= EXERCISE DIRECTIONS =
Each line of the listing below must be retyped exactly, with images left out.

= EXERCISE DATA =
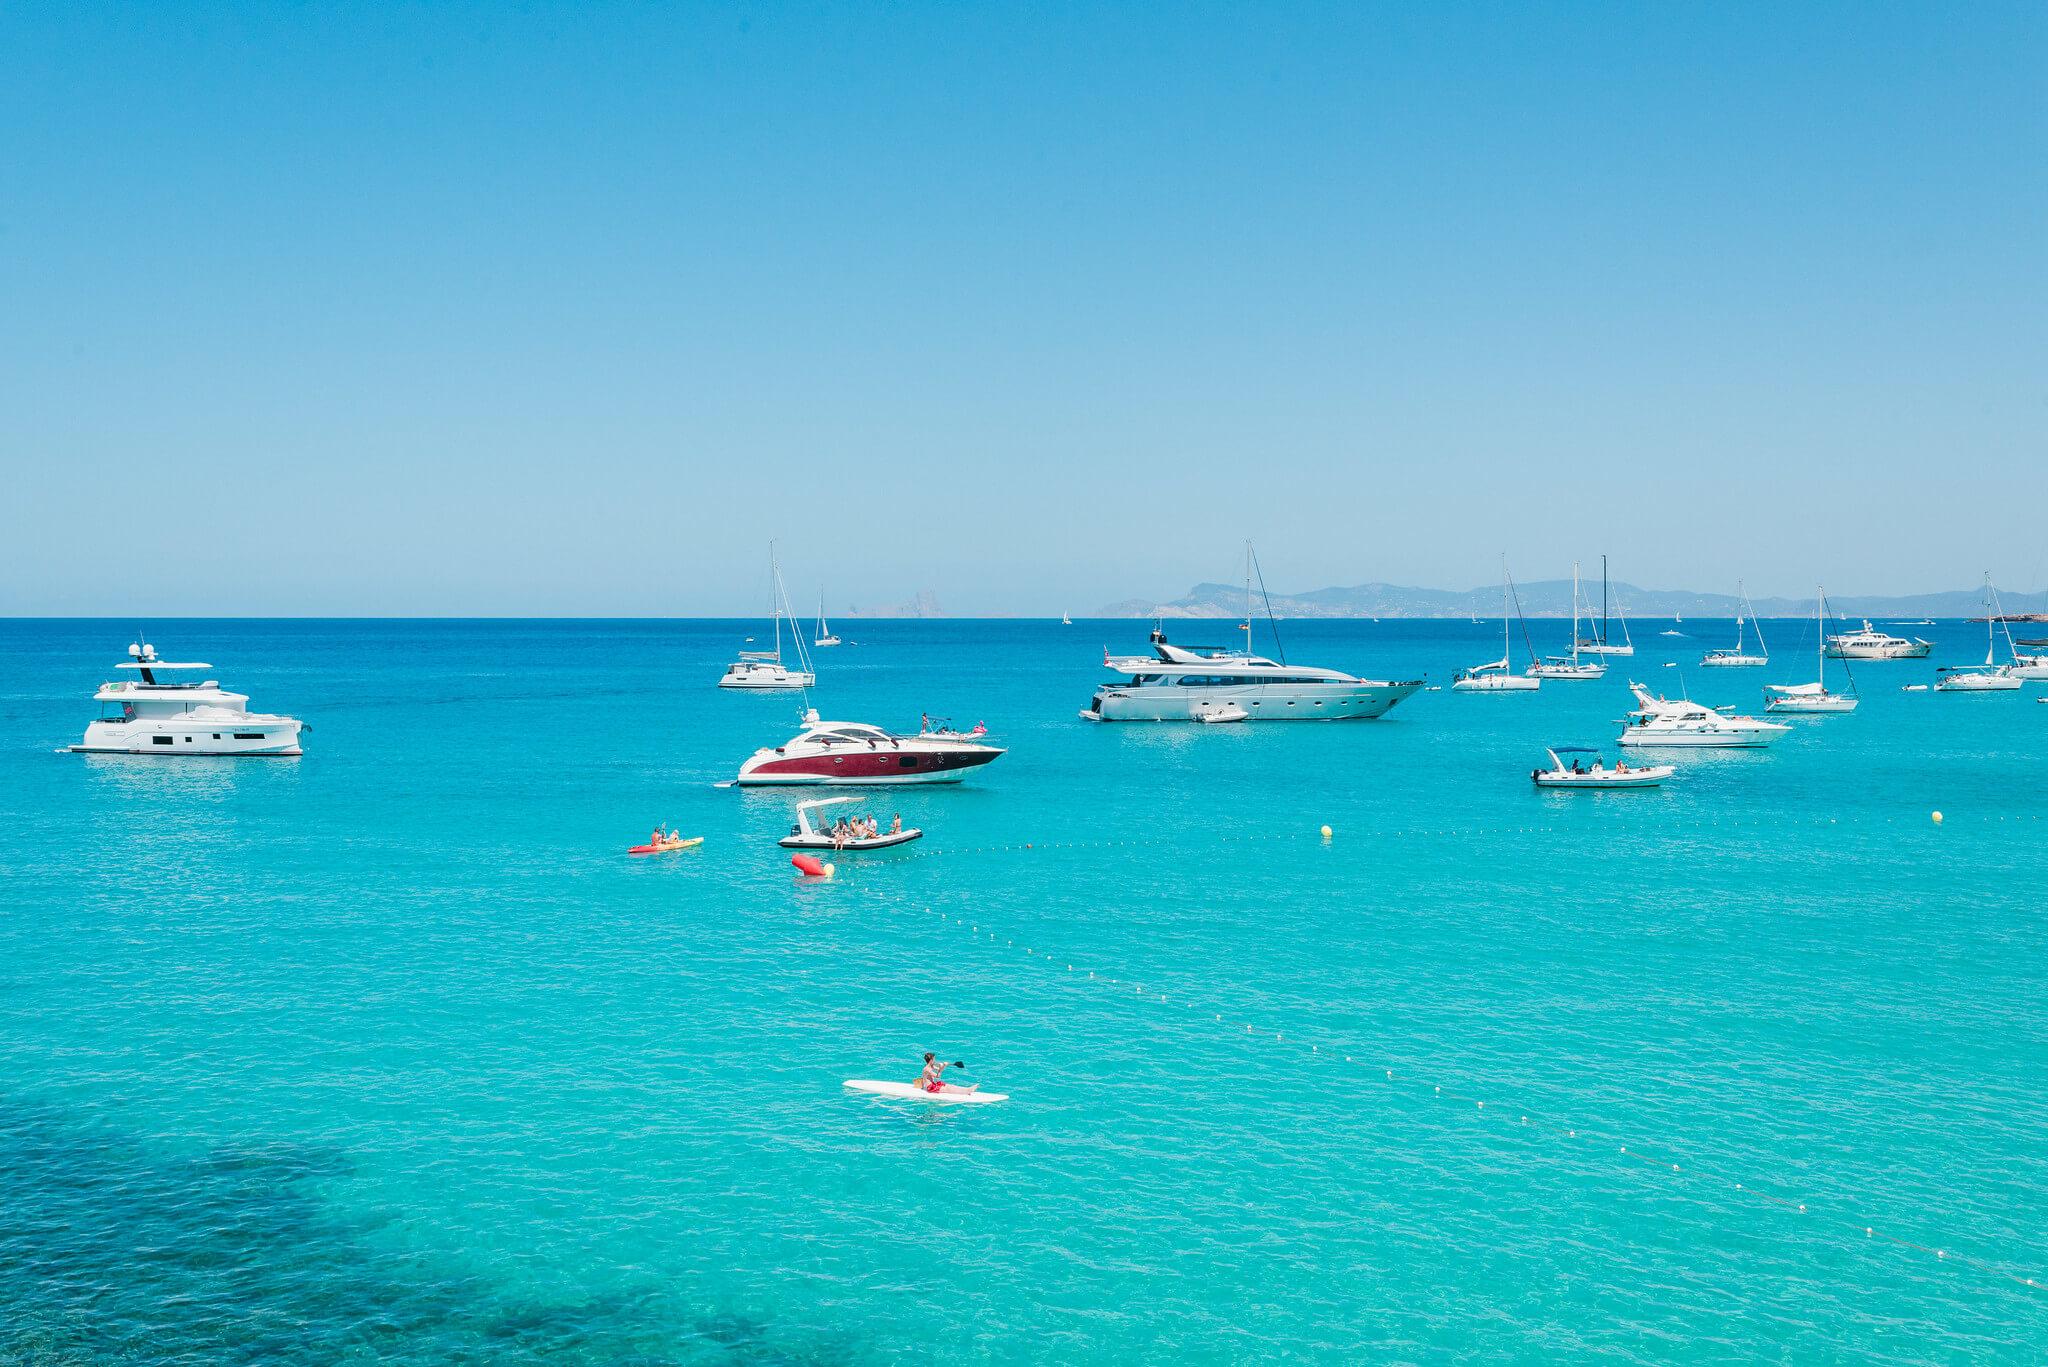 https://www.white-ibiza.com/wp-content/uploads/2020/03/formentera-beaches-cala-saona-2020-05.jpg
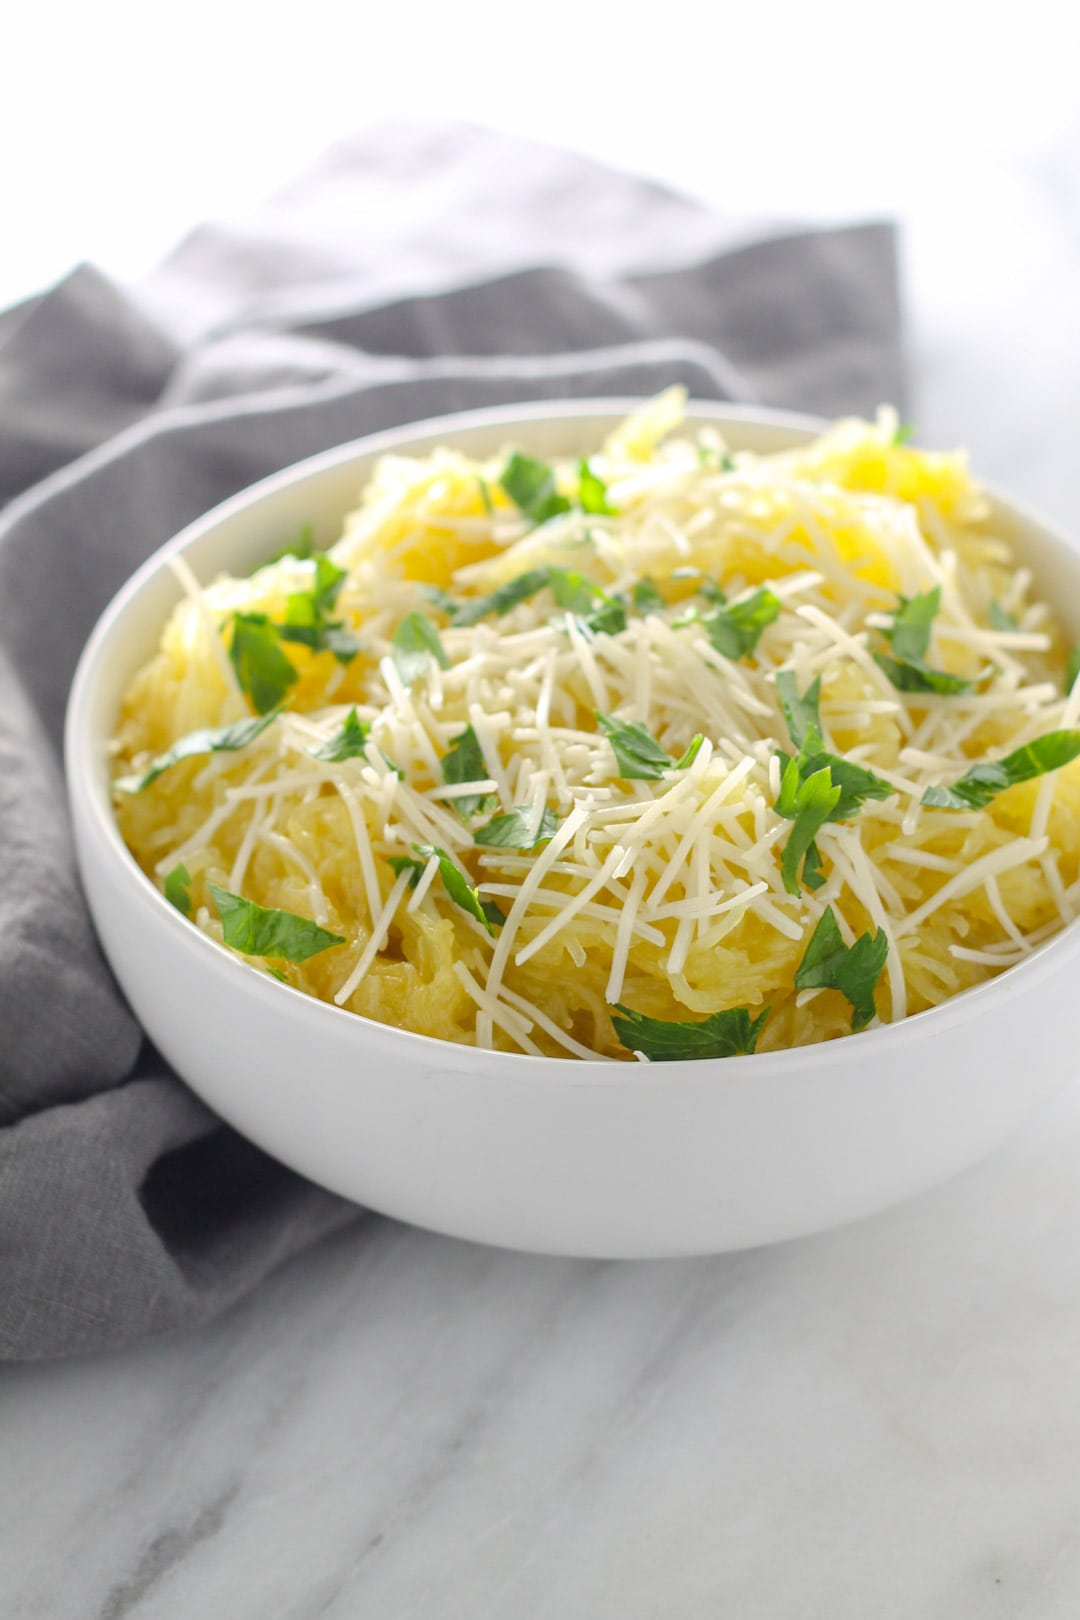 Low FODMAP Spaghetti Squash with Pecorino
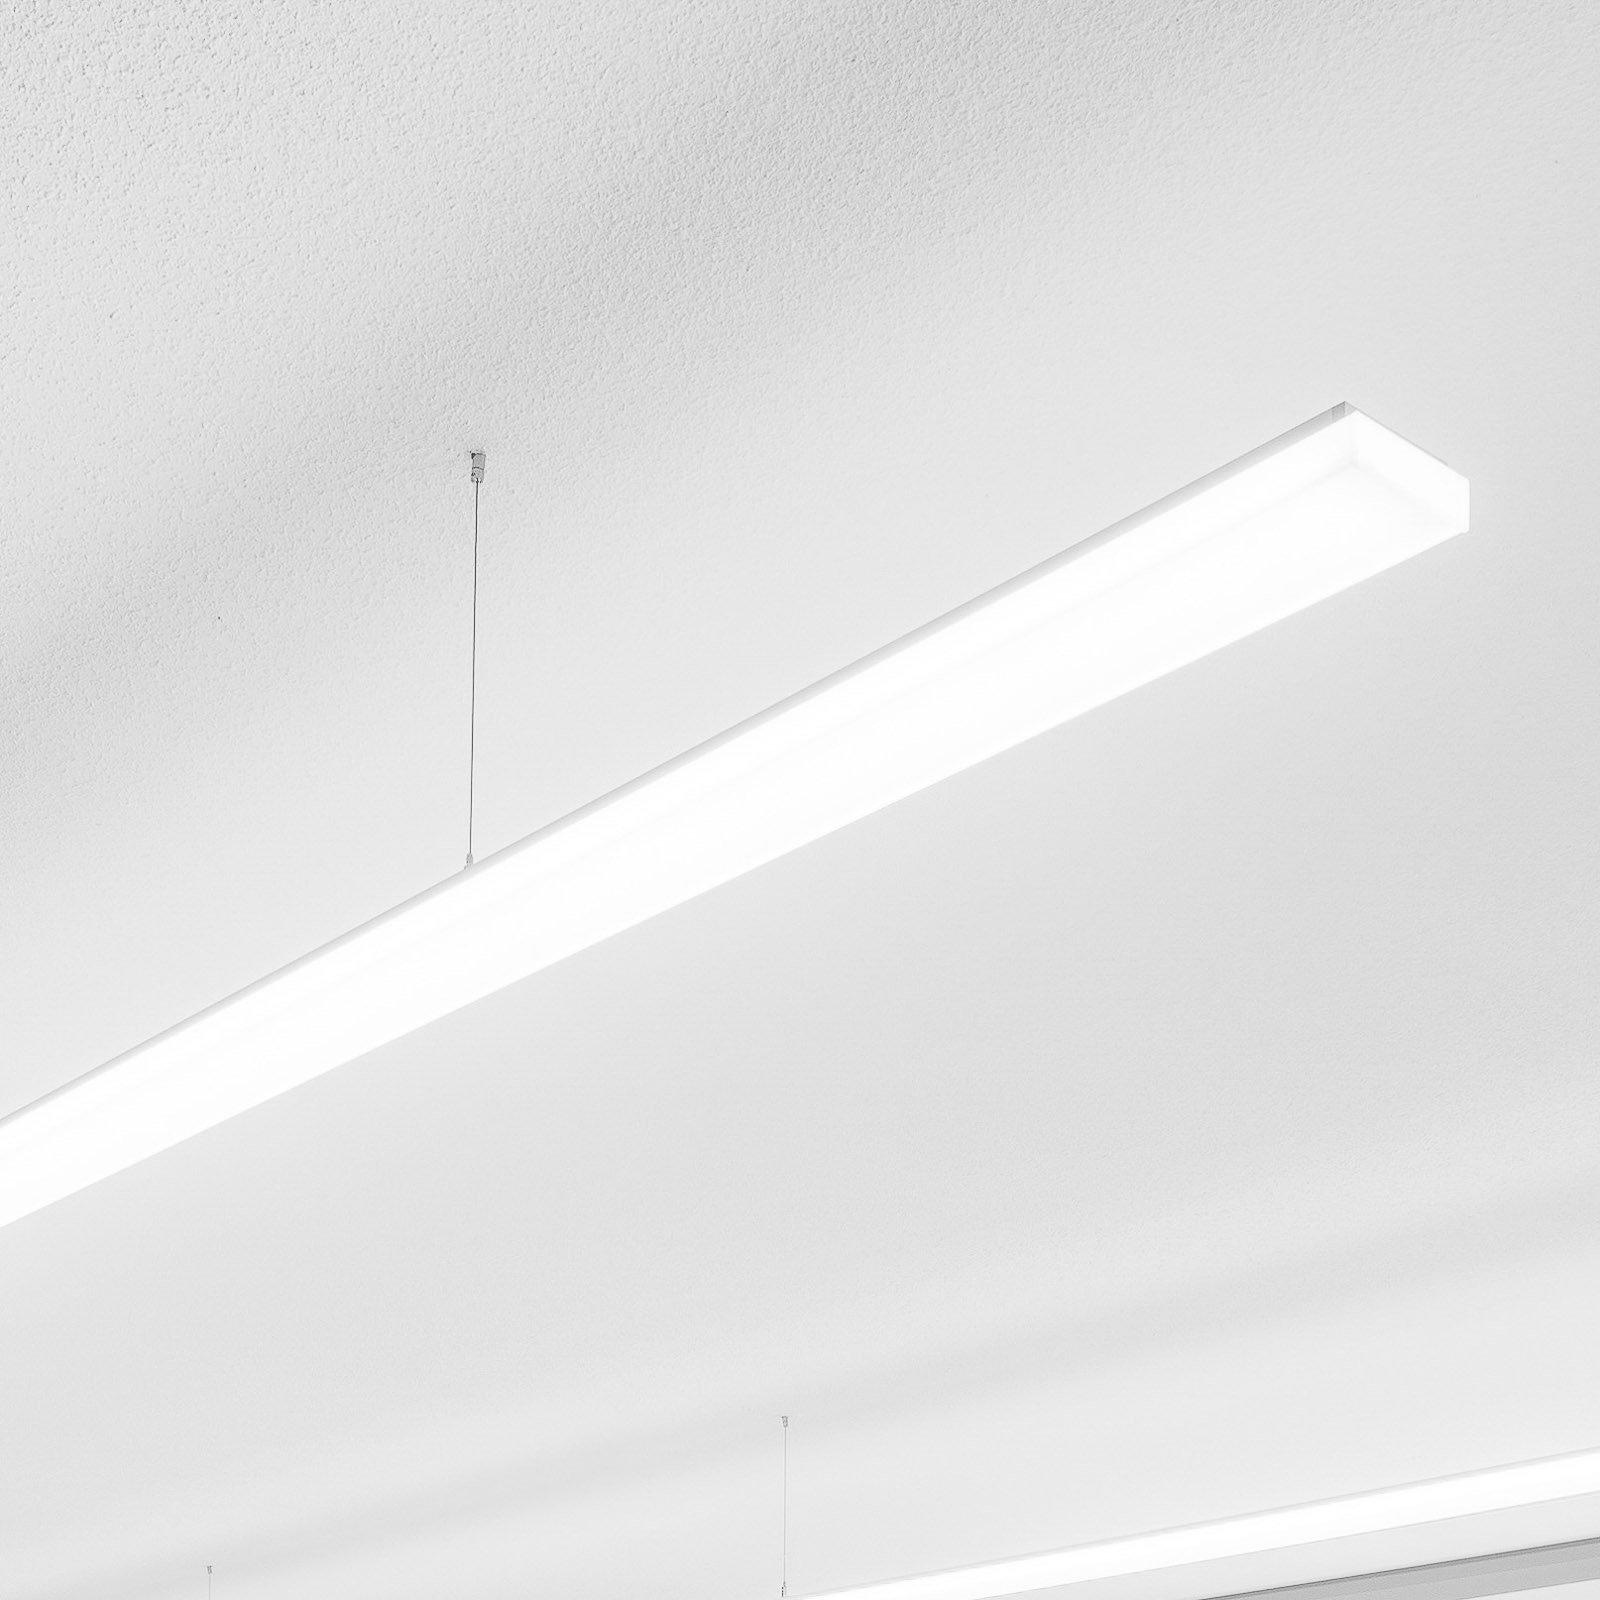 Regent Purelite Office taklampe 123,1 cm 3 000 K

= FINAL ANSWER =
 https://www.white-ibiza.com/wp-content/uploads/2020/03/formentera-beaches-cala-saona-2020-05.jpg
 Low FODMAP Spaghetti Squash with Pecorino
 Regent Purelite Office taklampe 123,1 cm 3 000 K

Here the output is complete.